- **Recorded information**
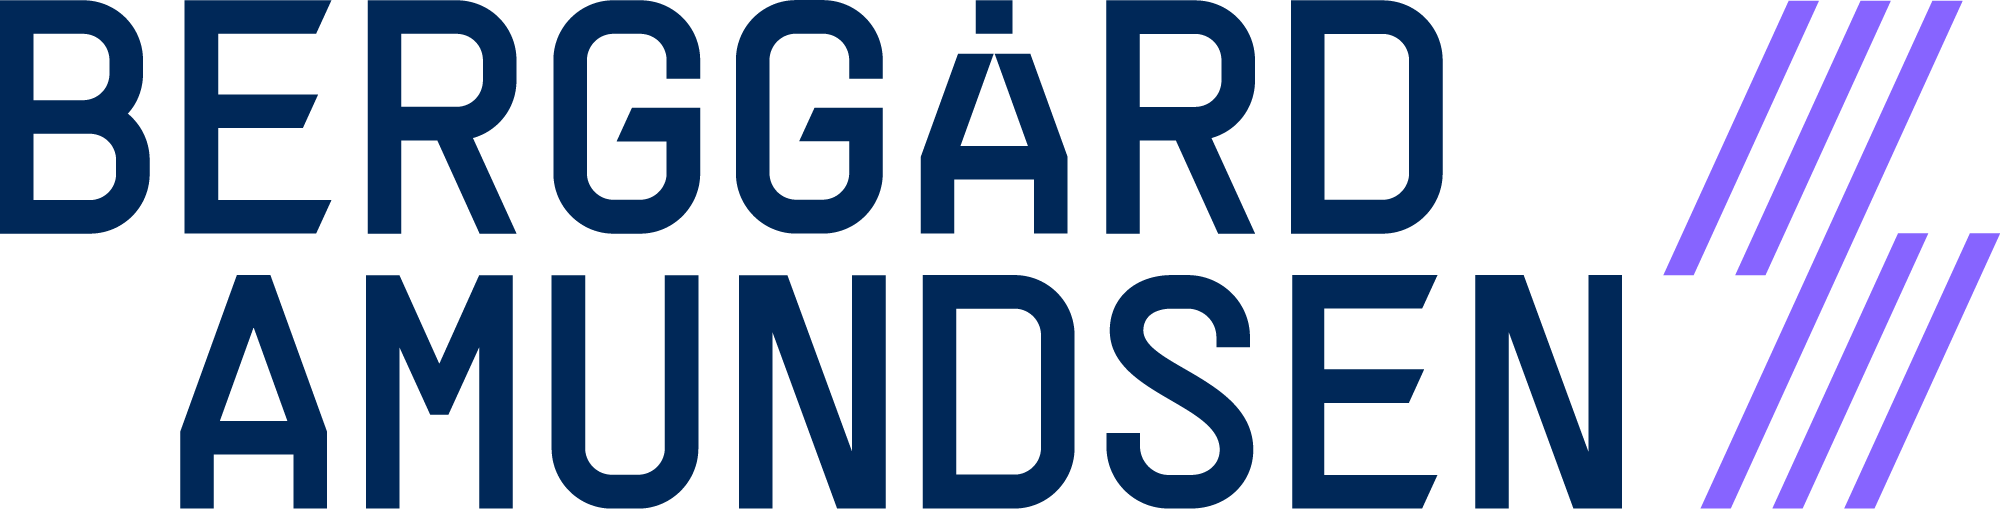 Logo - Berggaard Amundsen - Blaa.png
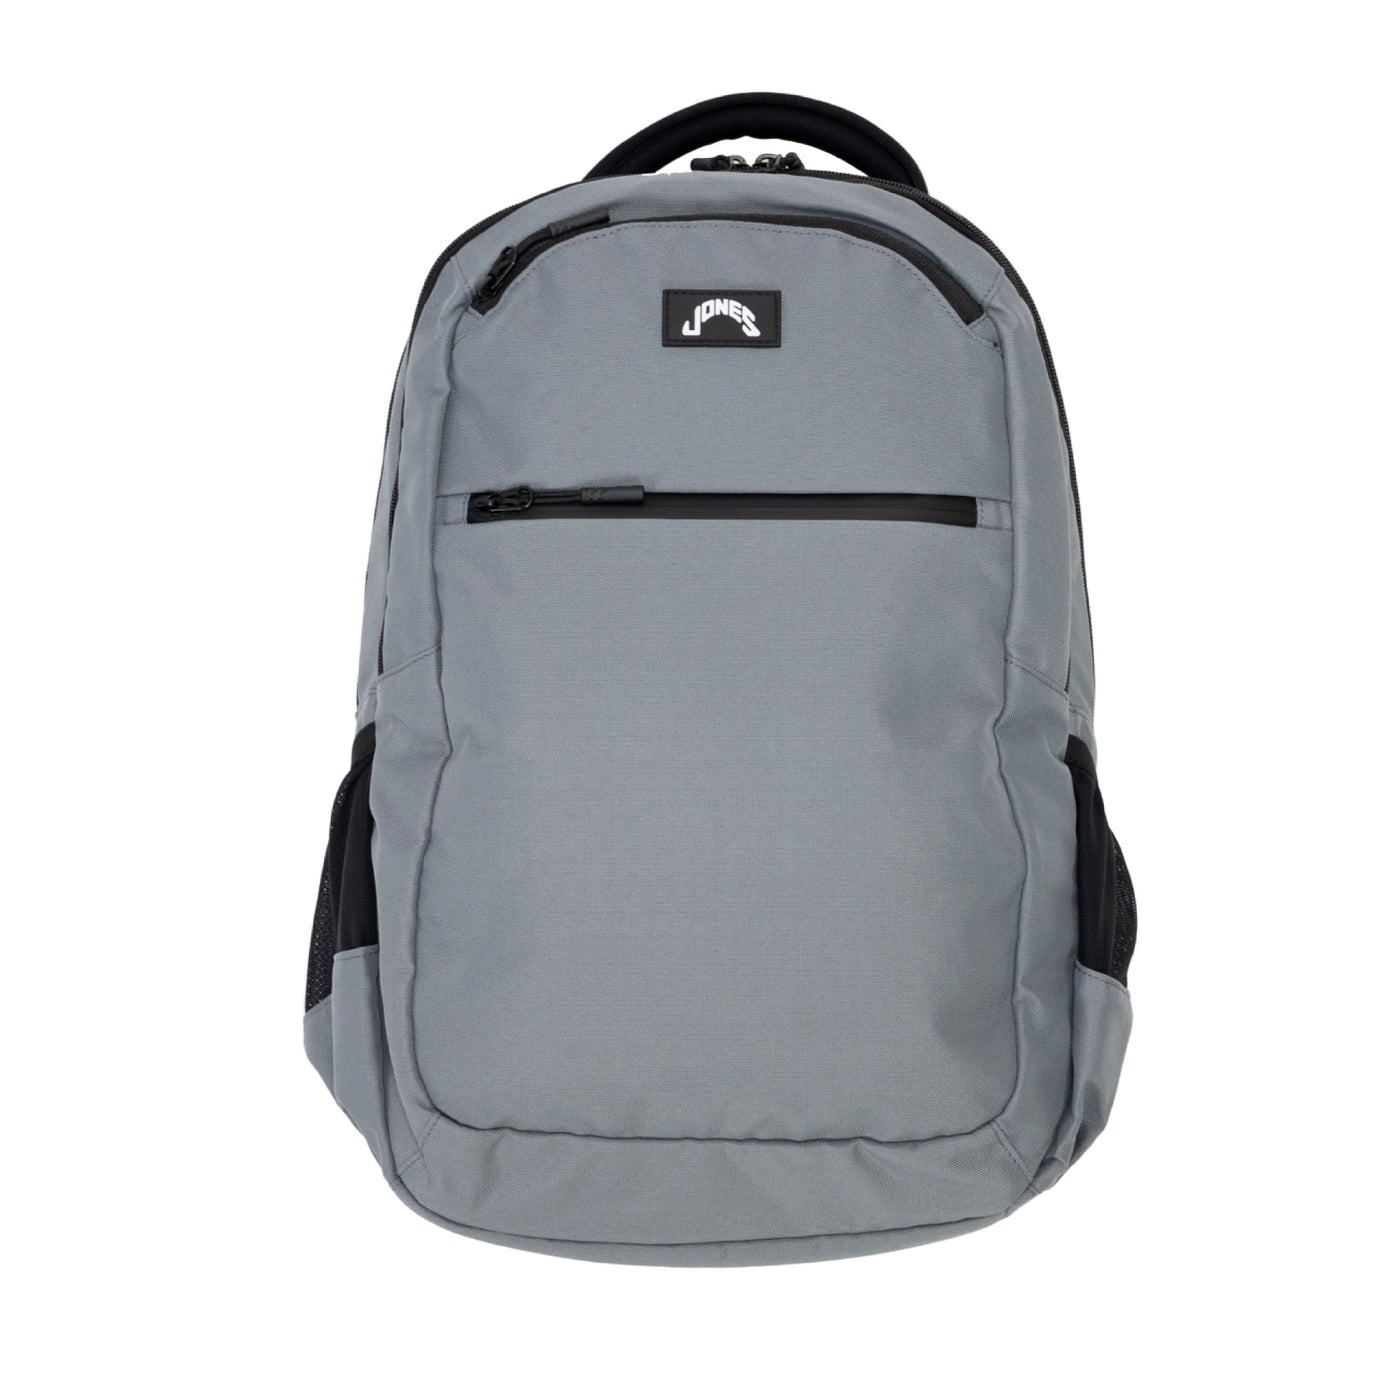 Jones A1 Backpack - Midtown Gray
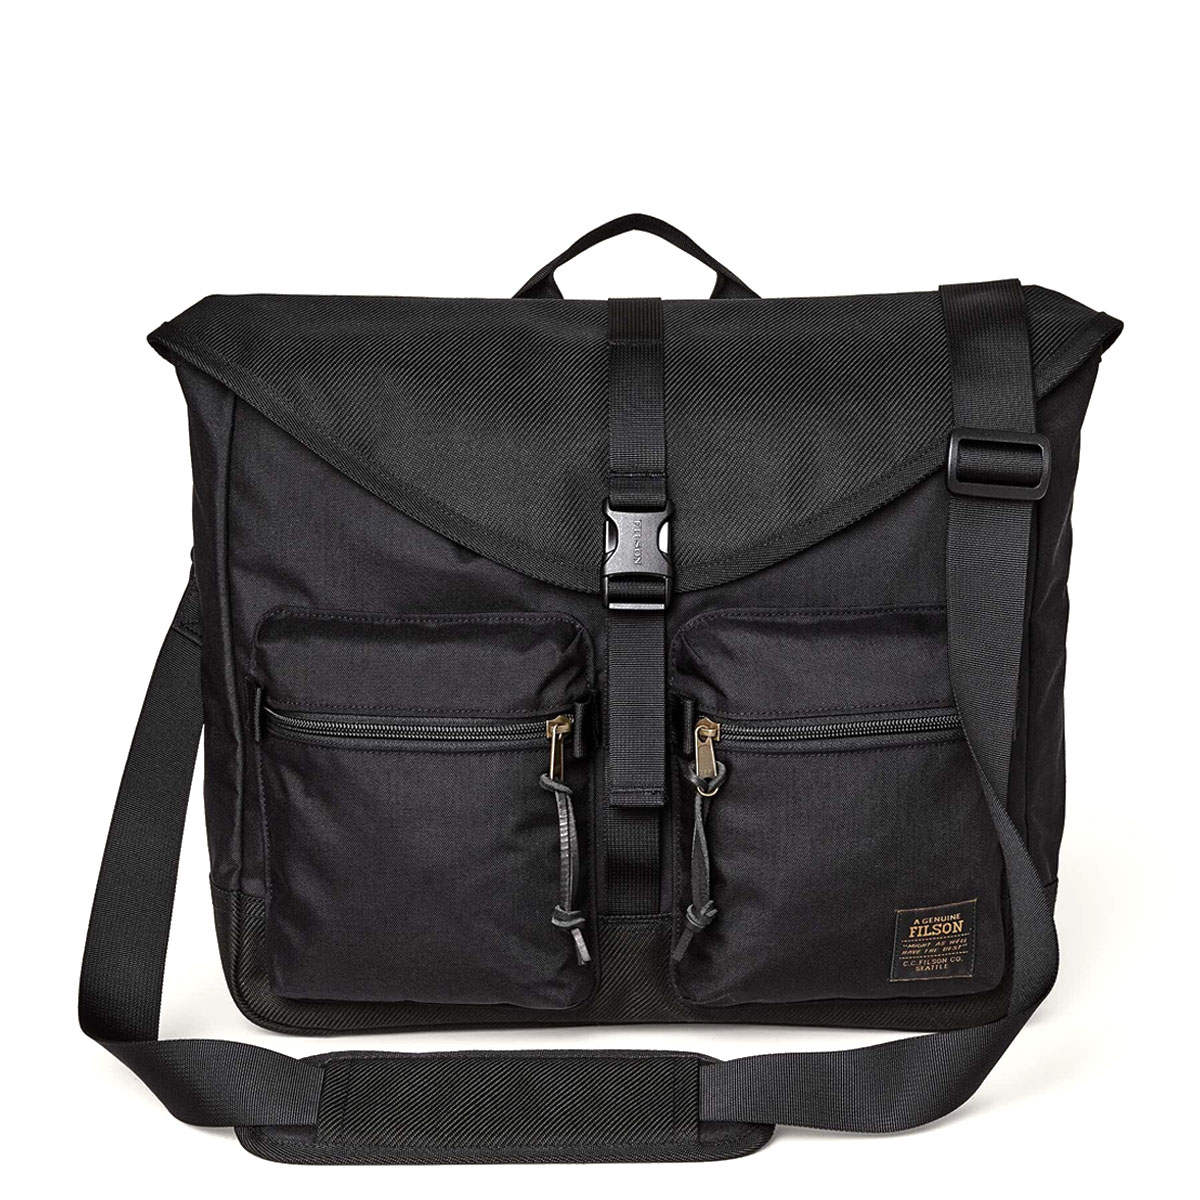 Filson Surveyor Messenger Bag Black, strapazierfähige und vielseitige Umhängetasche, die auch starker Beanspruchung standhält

- **What the task asks**
Would you print the whole listing exactly, omitting the pictures?

- **Answer box**
 Logo - Berggaard Amundsen - Blaa.png
 Jones A1 Backpack - Midtown Gray
 Filson Surveyor Messenger Bag Black, strapazierfähige und vielseitige Umhängetasche, die auch starker Beanspruchung standhält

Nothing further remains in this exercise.